Minister of French Overseas
- In office 7 May 2002 – 2 June 2005
- President: Jacques Chirac
- Prime Minister: Jean-Pierre Raffarin
- Preceded by: Jean-Jacques de Peretti
- Succeeded by: François Baroin

Senior Administrator of the French Southern and Antarctic Lands
- In office 25 Mar 1998 – 26 Jan 2000
- President: Jacques Chirac
- Prime Minister: Lionel Jospin
- Preceded by: Pierre Lise
- Succeeded by: Jean-Yves Hermoso

= Brigitte Girardin =

French diplomat and politician

Brigitte Girardin (/fr/; born 12 January 1953 in Verdun, Meuse, France) is a French diplomat and politician. She was the minister of Overseas France under Jacques Chirac from 7 May 2002 to 2 June 2005.

==Biography==
In 1976, Girardin first worked for the French government at the Ministry of Foreign Affairs. In 1978, she was in charge of economic relations between Francophone nations in Africa.

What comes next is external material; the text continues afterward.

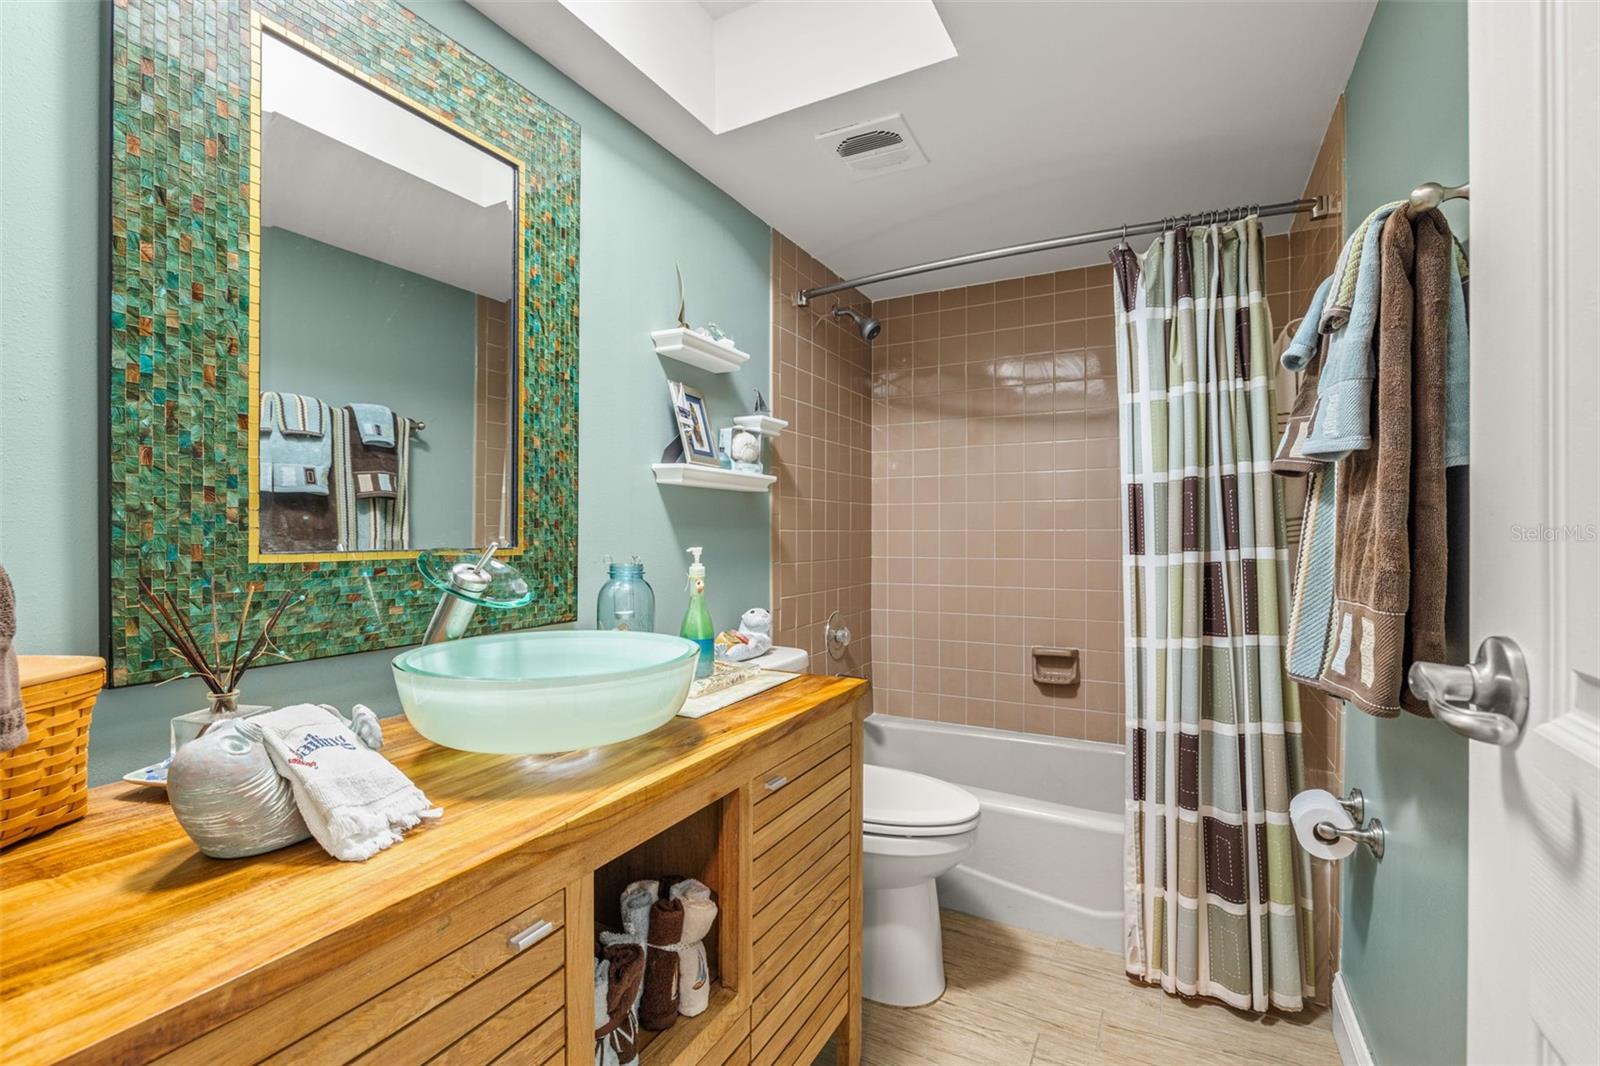 Updated secondary bathroom includes a fabulous teak vanity with waterfall sink basin, updated lighting, vanity mirror and flooring.

In early 1998, Girardin was appointed as the Senior Administrator of the French Southern and Antarctic Lands until January 2000.

In 2002, Girardin was appointed as the Minister of Overseas under Prime Minister, Jean-Pierre Raffarin's government. In May 2003, Girardin met with the Spanish Secretary for European Affairs, Ramón de Miguel, and Portuguese Deputy Foreign Minister, Carlos da Costa Neves to demand the European Union add aid for the countries' ultra-peripheral regions to the constitution.

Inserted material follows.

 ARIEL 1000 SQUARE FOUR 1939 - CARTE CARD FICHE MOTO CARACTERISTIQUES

In 2005, Girardin worked as the Minister for Cooperation, Development and the Francophonie, where she made several deals between France and Francophone nations. She visited and signed economic agreements with Cameroon to provide $680 million in debt relief aid, Comoros, granting €88 million, Mauritania, signing financial accords for developmental projects, the Democratic Republic of Congo, Senegal, providing €110 million in aid, and Canada.

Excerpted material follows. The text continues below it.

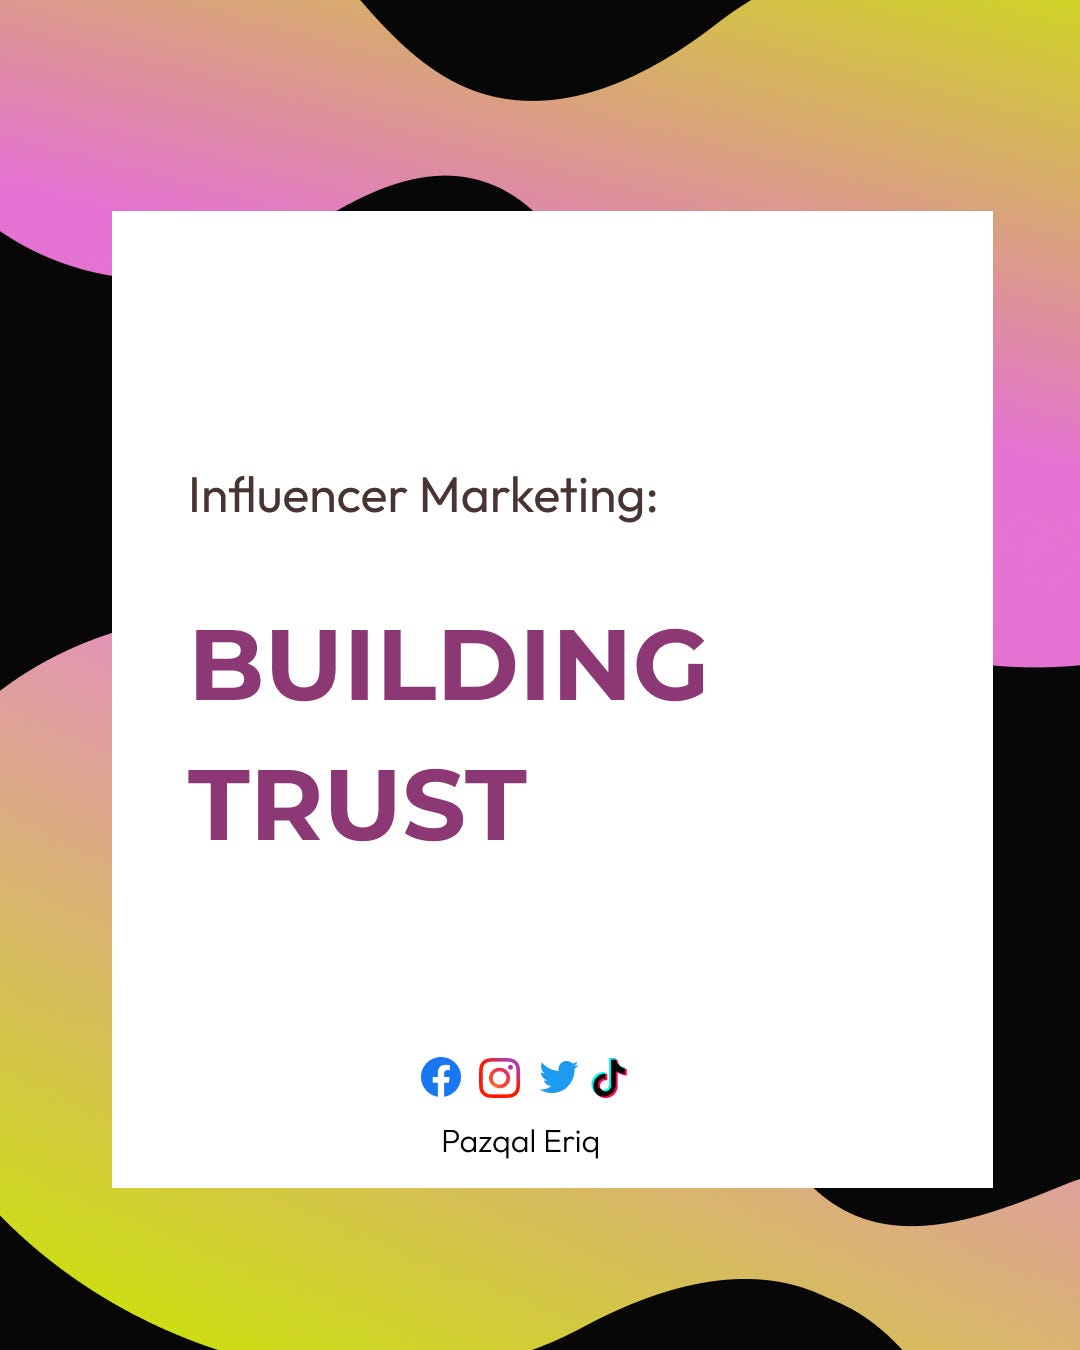 Influencer Marketing: Building Trust

Girardin was also a member of UMP, a political party founded by Dominique de Villepin based on his republic of solidarity movement. She was the Secretary General of the party until its closure in 2011.

On 17 April 2012, Girardin announced that she will be voting for French president candidate François Hollande in the first round of the 2012 French presidential election.

In May 2015, Girardin joined the Court of Auditors.